A management key authenticates the account endpoints only; it cannot make LLM calls — use a regular API key (vh-live-...) for inference.
A regular API key (vh-live-...) calls models but cannot manage your account.

# Create a new inference API key with a management key.
curl https://www.velahub.ai/v1/management-keys \
  -H "Authorization: Bearer vh-mgmt-..." \
  -d '{"name":"new inference key"}'

# Query your recent usage with a management key.
curl https://www.velahub.ai/v1/usage/recent \
  -H "Authorization: Bearer vh-mgmt-..."

Response headers

Every response — streaming or not — carries a uniform set of Velahub headers so you can attribute cost, debug routing and reconcile billing without parsing the body.
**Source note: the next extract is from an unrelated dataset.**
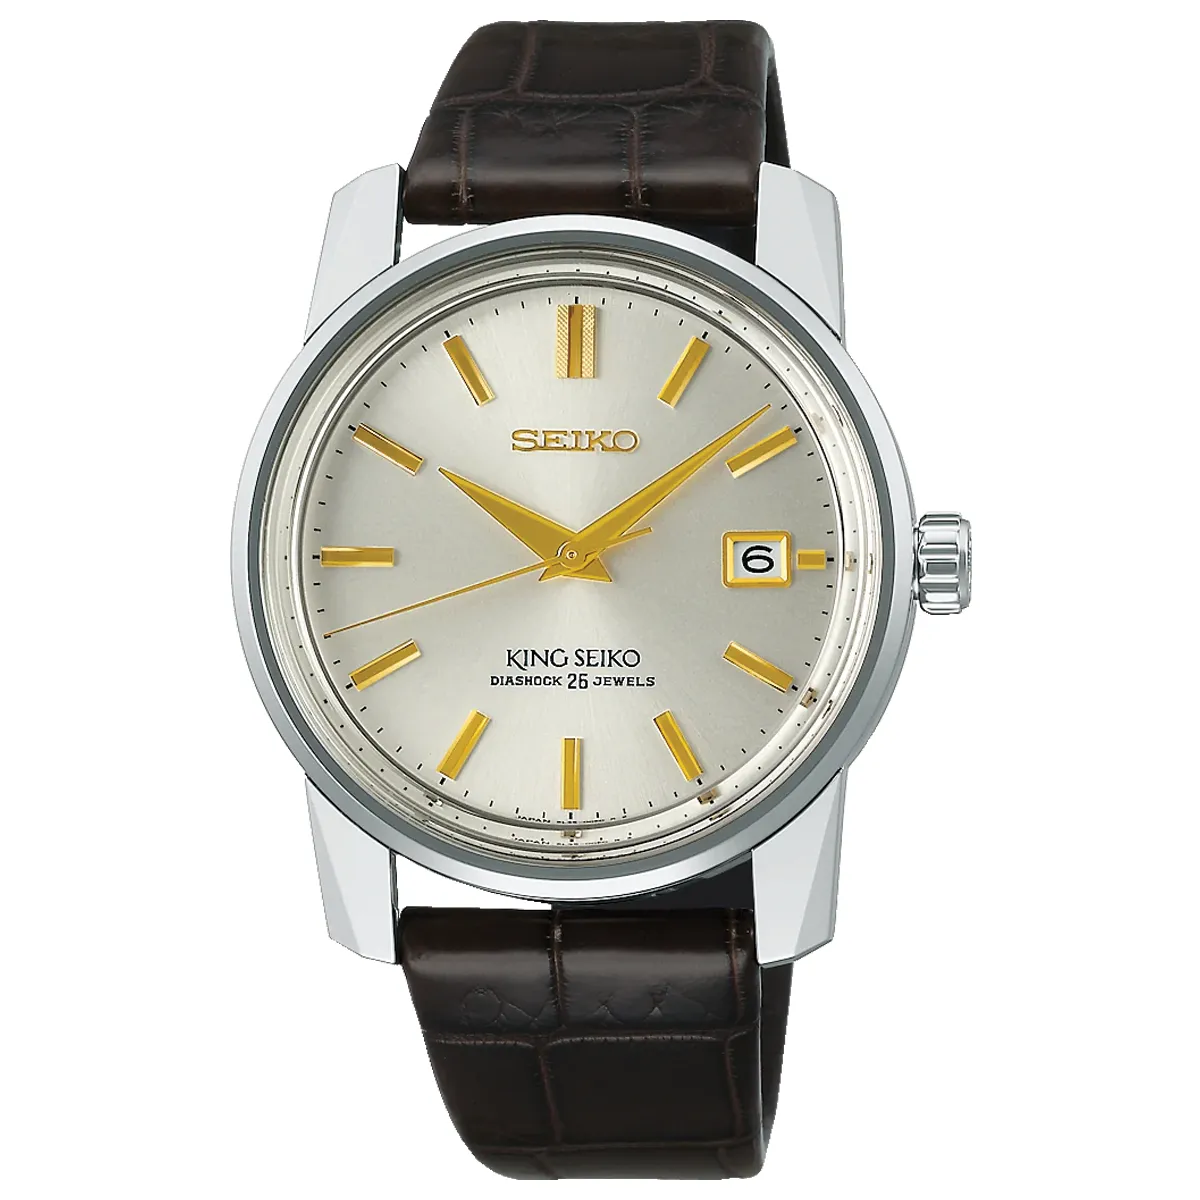 Đồng hồ King Seiko KSK Re-Creation Limited Edition SDKA003 (SJE087) mặt số màu vàng champage. Dây đeo bằng da. Thân vỏ bằng thép.

x-velahub-request-id        # Canonical id; quote it in support requests.
x-velahub-cost-microcents   # Total cost of this call in microcents.
x-velahub-tokens-input
x-velahub-tokens-output
x-velahub-tokens-cache-read
x-velahub-tokens-cache-creation
x-velahub-tokens-reasoning
x-velahub-billed-model      # May differ from requested model if fallback fired.

On streaming calls the cost / token headers are sent with the initial response, then refined in the final velahub.usage SSE event.

Rate limits & errors

Velahub passes upstream rate limits through and adds a thin layer of its own based on your plan. Limits and current usage are reported on the dashboard. The gateway uses standard HTTP status codes; the error field in the JSON body always carries a human-readable reason.

Common error responses:

401 — missing or invalid API key. Check that the Authorization header is Bearer vh-live-....
402 — wallet balance is zero or below the per-call minimum. Top up on the billing page.
403 with error.code = max_price_exceeded — the estimated cost is above your X-Velahub-Max-Price-Microcents cap.
403 with error.code = quota_exceeded — workspace daily / monthly cap reached.
404 — unknown model id or unknown request id on the generations endpoint.
429 — upstream or gateway rate limit hit. Retry after the Retry-After header value.
5xx — upstream is unhealthy. The same request will be retried automatically if you set X-Velahub-Fallback-Models.